2. Garden State, which was just as charming as I had been led to expect. It's the New Jersey I always believed was out there and never quite found... A particular brand of delightful, quirky, utterly unique Americana that I will always continue to search for. You have to go looking for the boats at the bottoms of abandoned shopping mall construction pits, or even the strange loopholes in hardware store return policies (that would NEVER happen in Botswana!)... Those bizarre and beautiful "only in America" phenomena. I remember going to look for things like that with a friend at Princeton. We drove miles and miles on a freezing cold fall afternoon, searching for a cavernous and reputedly satanic abandoned train tunnel that we'd read about on the internet. In the end, all we found was some offensive graffitti and a barbed-wire fence. Luckily we made up for the disappointment with another American phenomenon: really good, really cheap pizza.
3. Crank, which was just as terrible as I thought it would be, and therefore just as awesome. Apparently you don't need a big budget to create ridiculous action scenes. Jason Statham will never do Shakespeare, but he knows his place in the Hollywood pantheon and he fills those boots to perfection. (I am also, admittedly, a sucker for appallingly bad action movies.)
4. 88 Minutes, awful though it could have been so good. Sorry, Al Pacino.
5. The Fifth Element, which I have seen many times before and still love. Bruce Willis is the man, Milla Jovovich is an unearthly beauty, and apparently the costumes were designed by Jean-Paul Gaultier!?!
Halfway through.
Complete!! I've always wanted dreadlocks.
A brief history of Jenn's Hair: I did not cut it till the age of 19. Prior to that, it was gently trimmed, first at a place in Victoria called Tickety-Do's, which provided its pint-sized clientele with tiny personal TVs to watch Disney movies while their hair was cut. They also had a picture book of "Who Framed Roger Rabbit," which started my lifelong obsession with Jessica Rabbit. When I outgrew Tickety-Do's (which was later revealed to be a money-laundering front for some local drug dealers), my mother trimmed my hair for me. I always intended to cut it - my vague plan was to wait till the moment was right, get dreadlocks in the whole waist-length mane, and later shave it all off . However, one day in Kenya, on the biology department's Semester in the Field trip (which began this whole blog!), I thought idly to myself, "what if I cut off all my hair, right now?" After that, I couldn't stop thinking about it, and a few days later we had an impromptu fireside ceremony in which, armed with a head lamp and a pair of scissors, my friend Mark chopped off nineteen years of hair.

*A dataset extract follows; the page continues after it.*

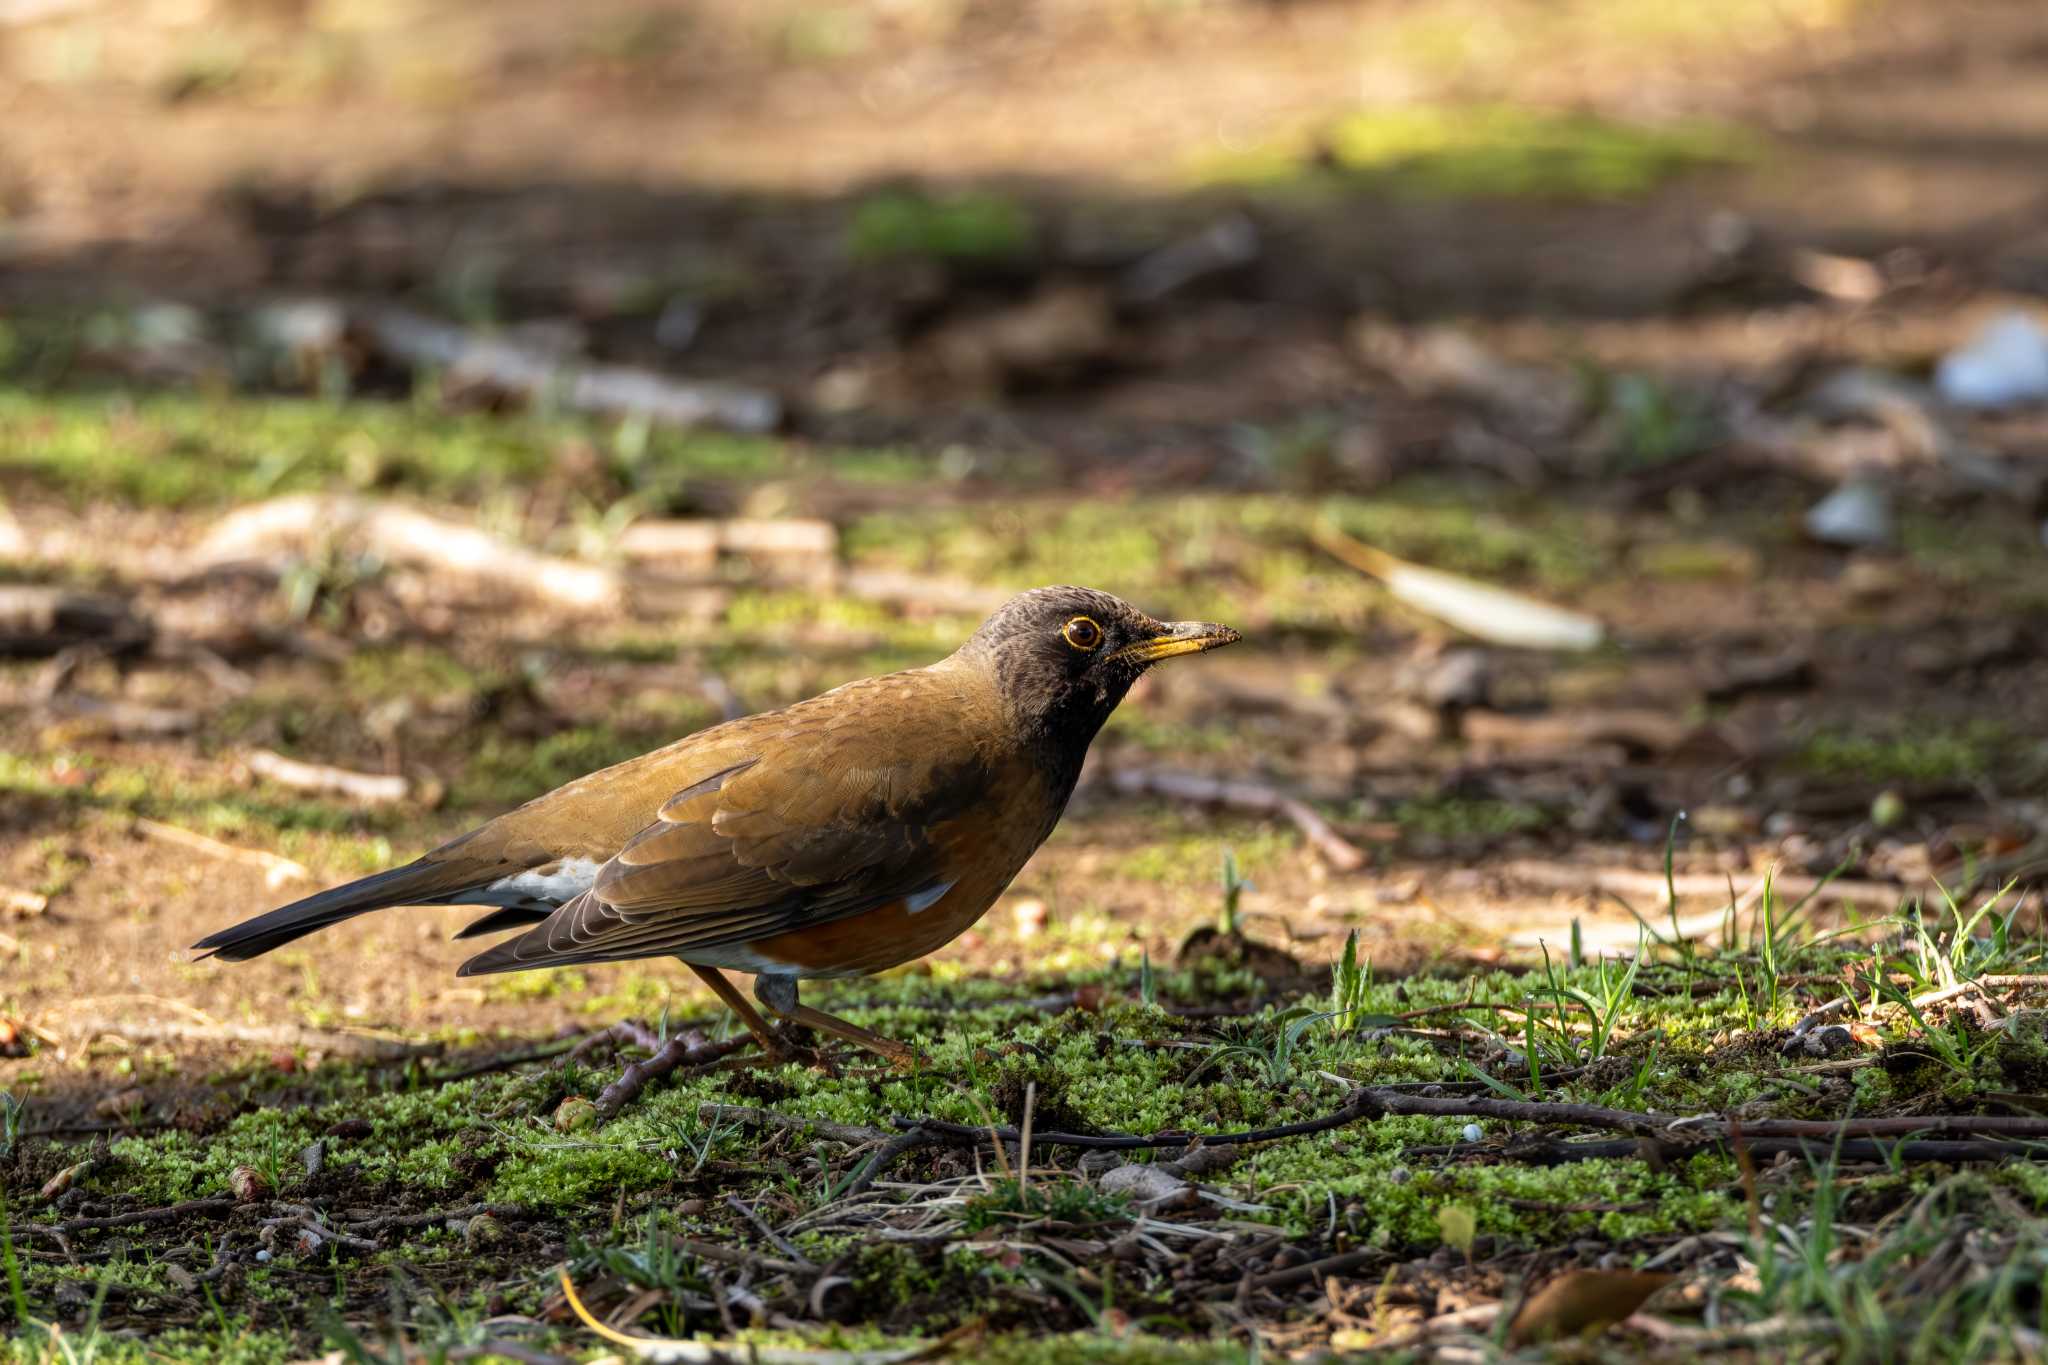 Photo of Brown-headed Thrush(orii) at 宍塚大池 by MNB EBSW

Since then, I've had a few "real" haircuts; I've shaved it off to a half-inch again; I've cut it myself, reaching around the back blindly with a pair of scissors and hoping for the best; and now I've finally fulfilled that original dream of dreadlocks. I'm very happy with them. It now remains to be seen how long it takes before I get tired of them and shave my head once more! (The next time, I intend to Bic it to the skin.)
1 Comments:
WHAT - I never knew that about Tickety-Dos!! Craziness! I loved it there too!